In the pitch darkness, impeded by the heavy quilt on the bed, he pushed his index finger in and out of Violet’s vagina, hoping that he was stimulating her clitoris. The manual of sexual technique that he had studied rather more frequently than he had actually practised intercourse had laid great stress upon this item of foreplay.
“I’m sorry, darling, but that’s hurting,” Violet said after a while.
He pulled his finger away as though it had been burned.
“It doesn’t mean that we’re incompatible, Robin,” she said anxiously. “It’s just that you were rubbing in the wrong place.”
“I’m sorry,” he said huffily, “to be so clumsy.”
“Shall I show you the right place?” she whispered.
This was better. She took his long index finger, that had so often pointed out to her the syllabic pattern of Latin verse, and gently guided it on to her favourite spot. As he rubbed, he felt her pelvis heave like a swimmer lifted by a wave, and her l
egs opened wide and his own member stiffened in response.
They made love four times that weekend, and on each occasion Violet had an orgasm under digital stimulation, but not during the act itself, when Robin had his. This worried him somewhat in the light of the textbook, so that when Violet asked him if he thought they were compatible he said he thought they both needed time to think over the experience of the weekend.

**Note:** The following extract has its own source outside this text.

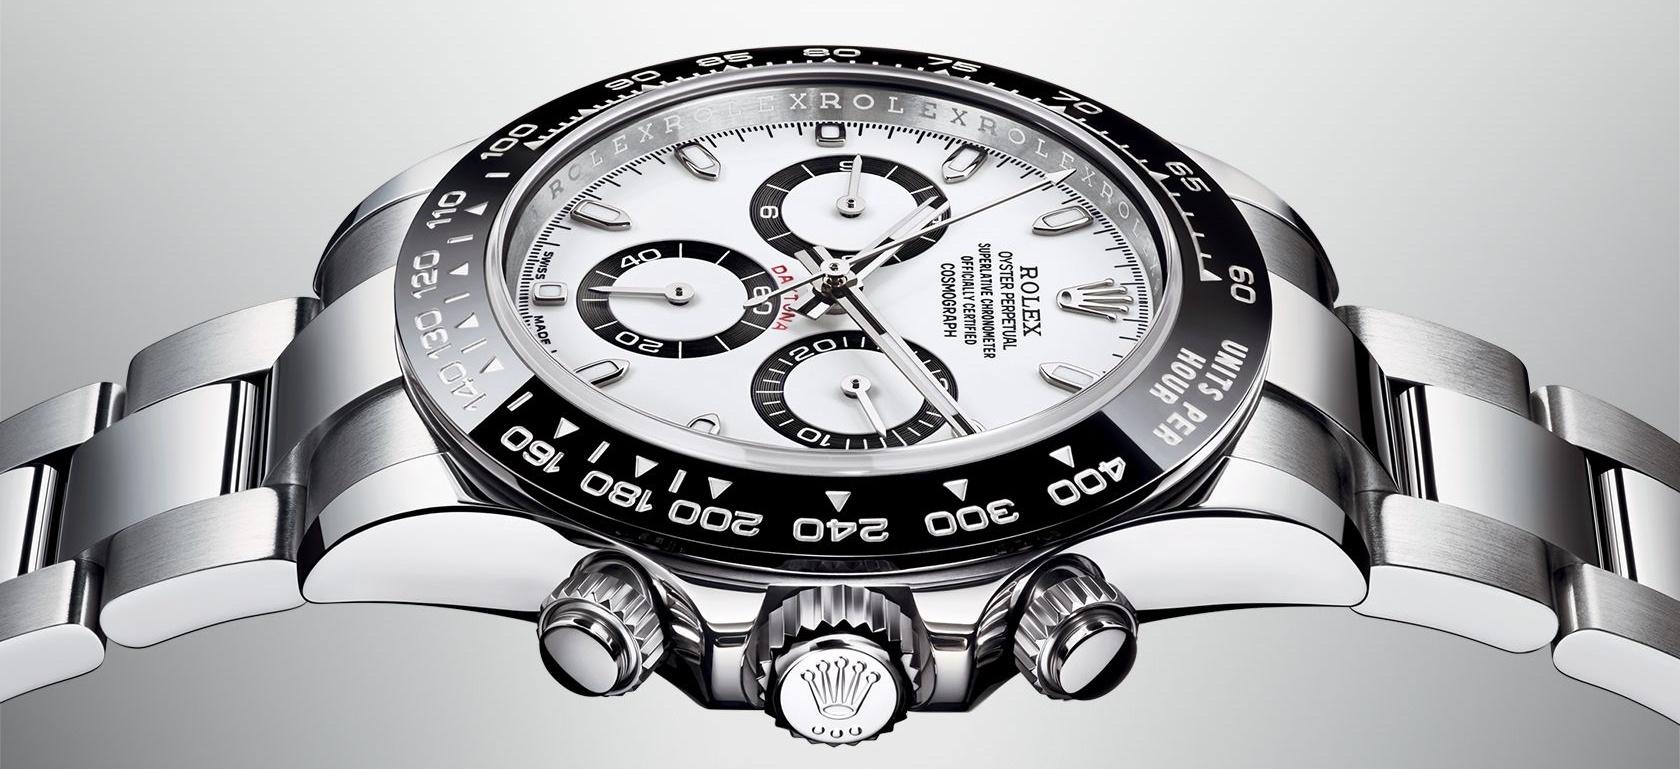 Baselworld 2016: Rolex Cosmograph Daytona Watch

She looked crestfallen. “Let’s sleep on it,” he said. “We’ve already slept on it,” she said, “we’ve done nothing else all weekend.” He kissed her and said, “You’re lovely and I love you, but there’s no need to rush into anything.” This was as they were preparing to go home.
“I’m not going away with you for another of these weekends, you know,” she said.
“Do you have to say it like that?” he said, pained by her lack of tact.
“Yes, because I’m going to Confession at the very first church we come to and I must have a firm purpose of amendment or it won’t be any good.”
As soon as they returned to London, Robin was buried in examination scripts – not university exams, but “O” and “A” level papers which he marked to enhance his meagre salary. Violet helped him check the marks and fill in the mark sheets. One day as they were doing this she said, “Robin, I think I’m pregnant.”
“What? You can’t be.”
“Those things don’t always work, do they? I’m three weeks overdue, and this morning I felt sick when I got up.”
“My God.” He stared at her, appalled. It was, he supposed, possible that fumbling with his sheaths in the dark he had nicked one with a fingernail or otherwise mismanaged the business.
“I’m not trying to blackmail you into marrying me,” said Violet. “But I thought you ought to know.”
“If it’s true,” he said heavily, “you’ll just have to get rid of it.”
“You mean, have it adopted?”
“I mean have an operation. It can be arranged, I believe, at a price.” He looked miserably at the pile of scripts.